Henry VI has gone down in history as one of England’s worst kings. Not for being cruel or despotic; on the contrary, his nature was kindly and pliant, peace-loving and deeply devout – qualities that made him likeable as a person but hopeless as a monarch, a faint wavering shadow of his shrewd, martial father. His life would have been very different, and he may have become a better ruler, had he grown to manhood under the guidance of Henry V, this perfect model of the medieval warrior-statesman. Instead, by the latter’s untimely death in 1422 with his French kingdom far from pacified, the infant Henry only received the dire legacy of an unwinnable war, and perpetual bitter conflict between members of his family over the implementation of the late king’s will and their respective powers on the minority council.

Such is the context for the opening chapters of Lauren Johnson’s sympathetic new study, which sets out to ‘explore Henry VI as an evolving individual struggling in an extraordinary situation. In short, to consider him as a man.’ Recently released in paperback, Shadow King is a handsome volume, illustrated with 24 colour plates, family trees of the Houses of Lancaster, Beaufort and York, and three helpful maps, (France 1415 – 53; Wars of the Roses battles 1455 – 71; and 15th century noble landholding in England and Wales).

The well-referenced text falls into logical sections: Henry’s minority 1422 – 37; adult rule to 1453, including his marriage to Margaret of Anjou; political and mental breakdown, culminating in his deposition by Edward IV at Towton in 1461; his fugitive years, short-lived re-adeption, and eventual fate in the Tower of London. A brief ‘Afterlife’ and epilogue conclude the sad, strange stories of this unfortunate king and his queen, followed by two appendices, ‘Where did Henry VI die?’ and ‘Key Characters’, 68 pages of notes, and an extensive bibliography of primary and secondary sources.

Stylistically, some passages read like an historical novel: ‘The inky waters of the River Thames rippled and slid beneath the wherrymen’s oars. In places the peaks of the waves glistened, light falling from the windows of Winchester Palace as bursts of laughter and music echoed out.’ (Page 45). Such imaginative touches bring the text to life for many readers, although my own preference is for Johnson’s straight prose, which I found admirably clear and refreshing. Why gild the lily?

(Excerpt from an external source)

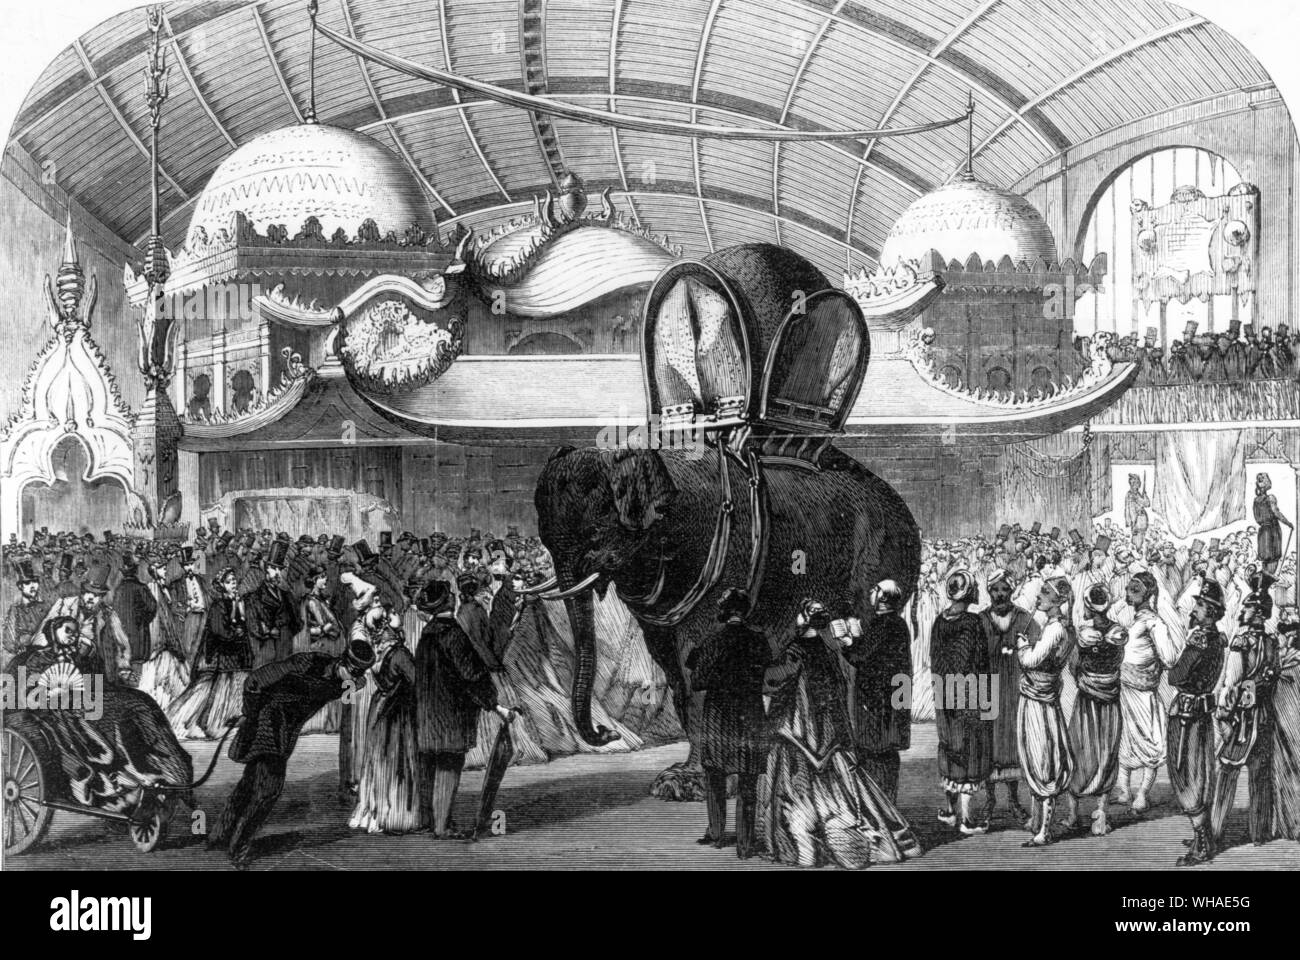 July 20th 1867 Illustrated London News. Model of an elephant in the Siamese section of the Machine Gallery at the Paris International Exhibition Stock Photo

As for content, I particularly enjoyed the first two sections. Johnson makes excellent use of some seldom-used sources to paint a convincing, detailed picture of Henry’s early life. Her exposition of the complex political situations in England and France, (riven by its own civil war between the Armagnacs and Burgundians), and the equally complex personal war between Henry’s kinsmen, is lucid and easy to follow; and she offers some perceptive analyses of the likely effects on an impressionable child of having to perform the rituals of royalty surrounded by such constant conflict and tension. Theoretically wielding absolute power but practically powerless to control his feuding councillors, it’s no wonder that Henry grew up hating discord, and wishing only to please and appease the people closest to him, emotionally or literally.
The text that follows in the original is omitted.